▸ **What the task requires**
Take the records below and set down exactly the lines from the one with "At tennis tournament, Morristown" to the one with "Yellowbird textured model turntable", ends included; do not copy the pictures.

▸ **Records supplied**

- - - - -

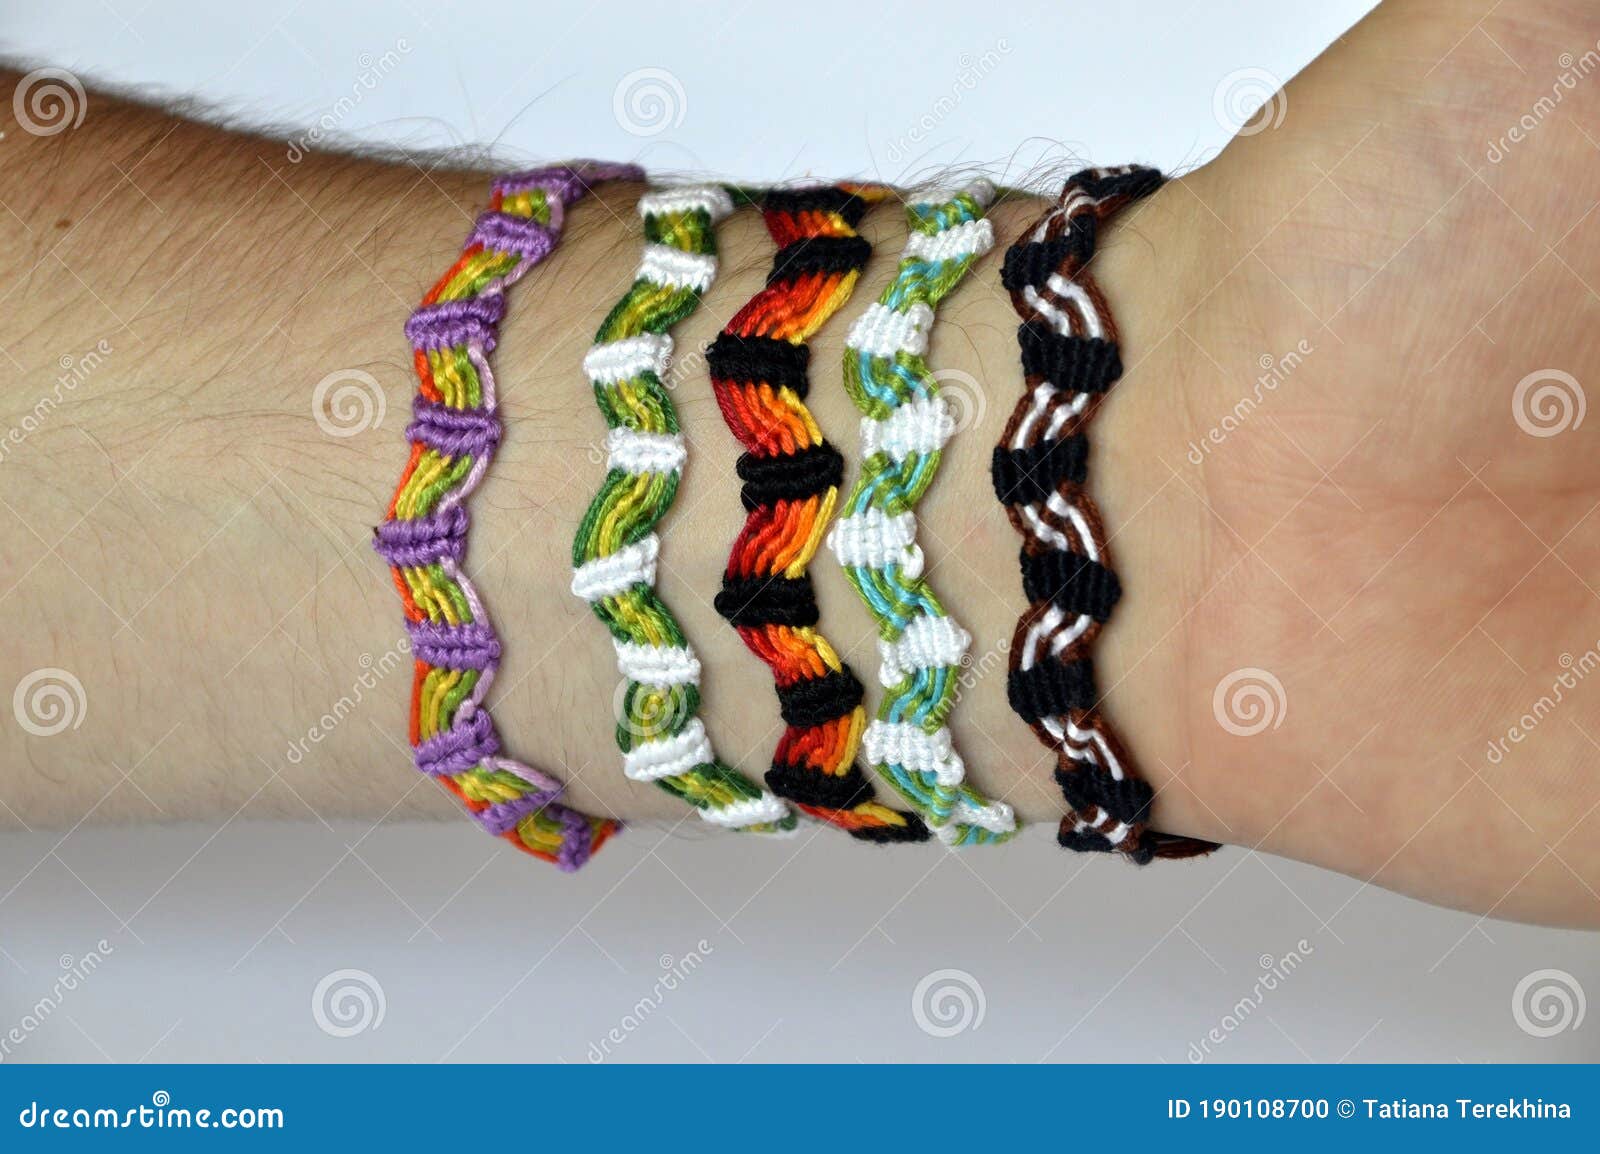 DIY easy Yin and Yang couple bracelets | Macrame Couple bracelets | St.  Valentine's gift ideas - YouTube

- - - - -

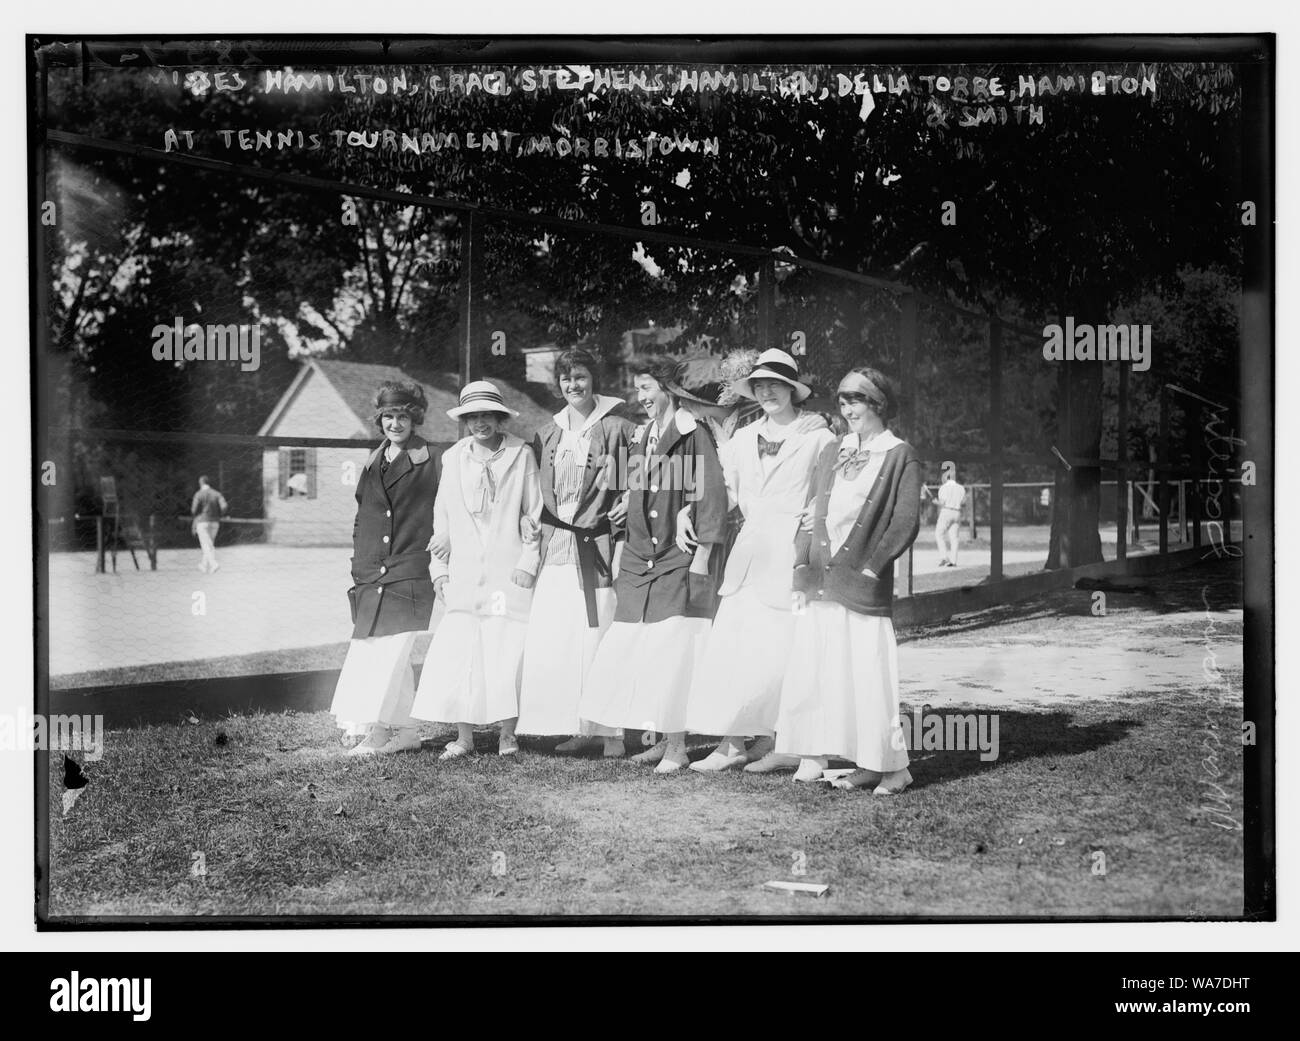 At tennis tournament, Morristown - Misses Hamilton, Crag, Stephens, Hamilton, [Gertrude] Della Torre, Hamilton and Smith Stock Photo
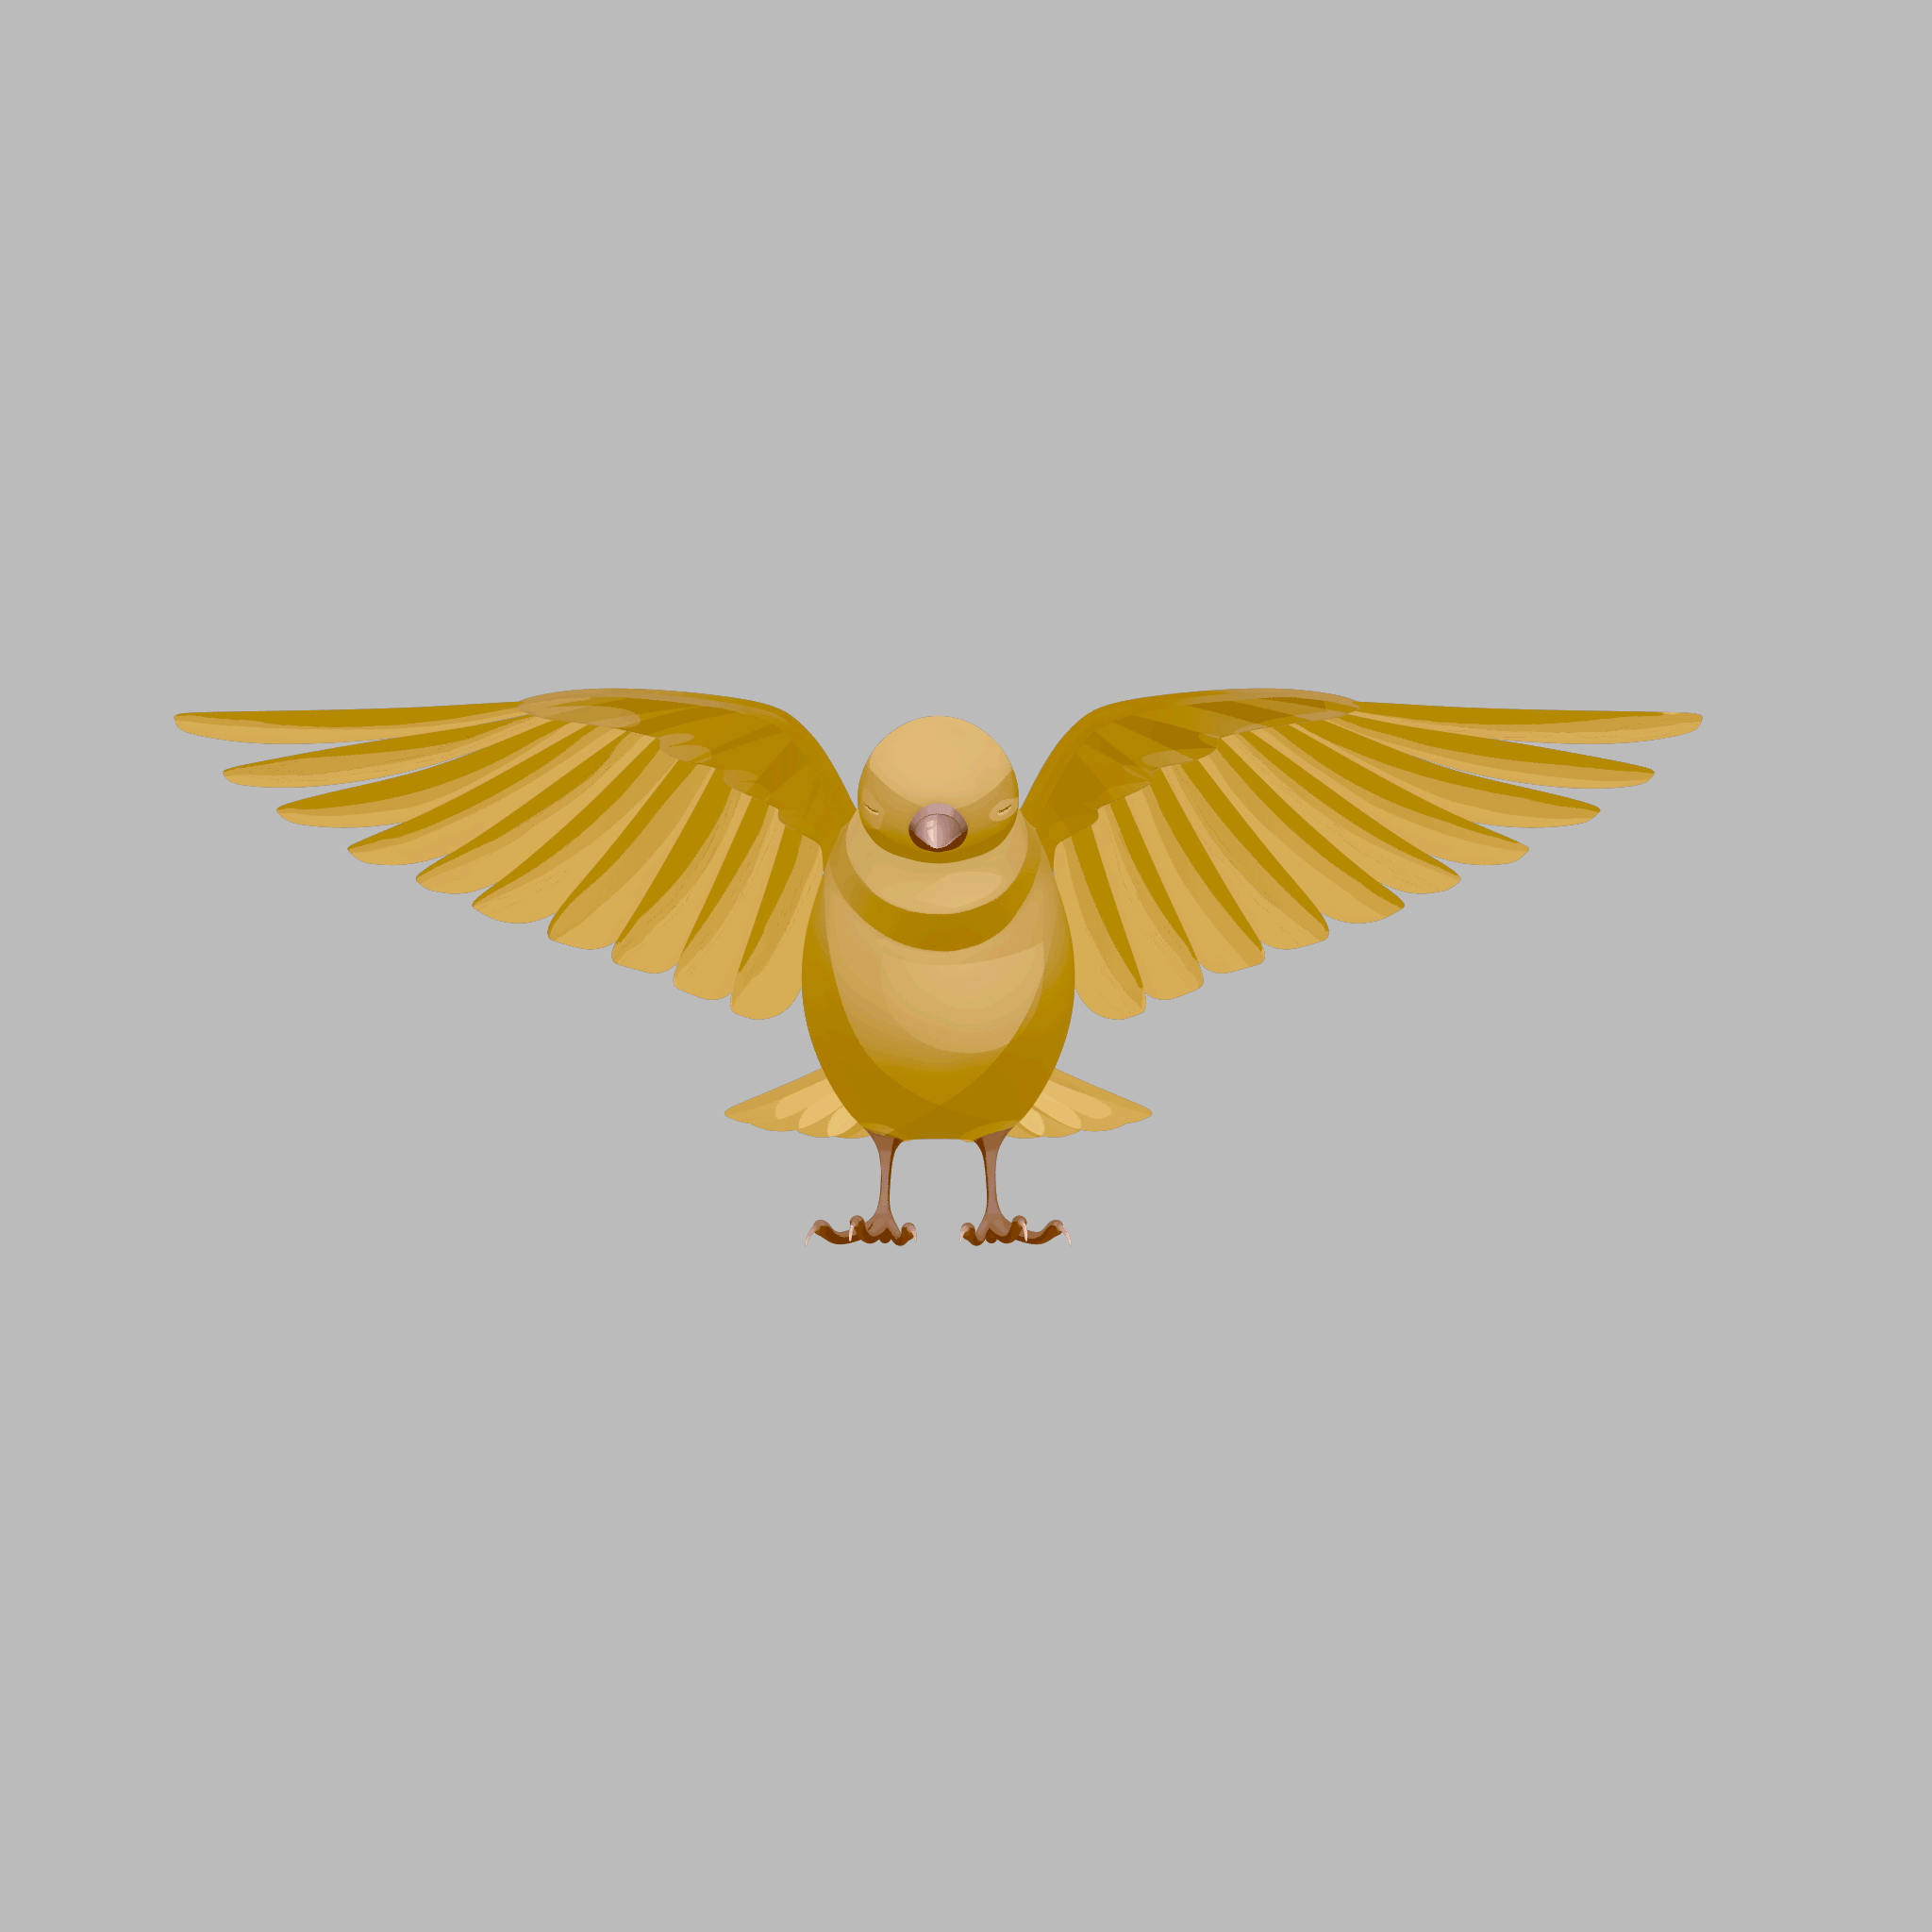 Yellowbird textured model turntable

- - - - -

▸ **Solution for this task**
 At tennis tournament, Morristown - Misses Hamilton, Crag, Stephens, Hamilton, [Gertrude] Della Torre, Hamilton and Smith Stock Photo
 Yellowbird textured model turntable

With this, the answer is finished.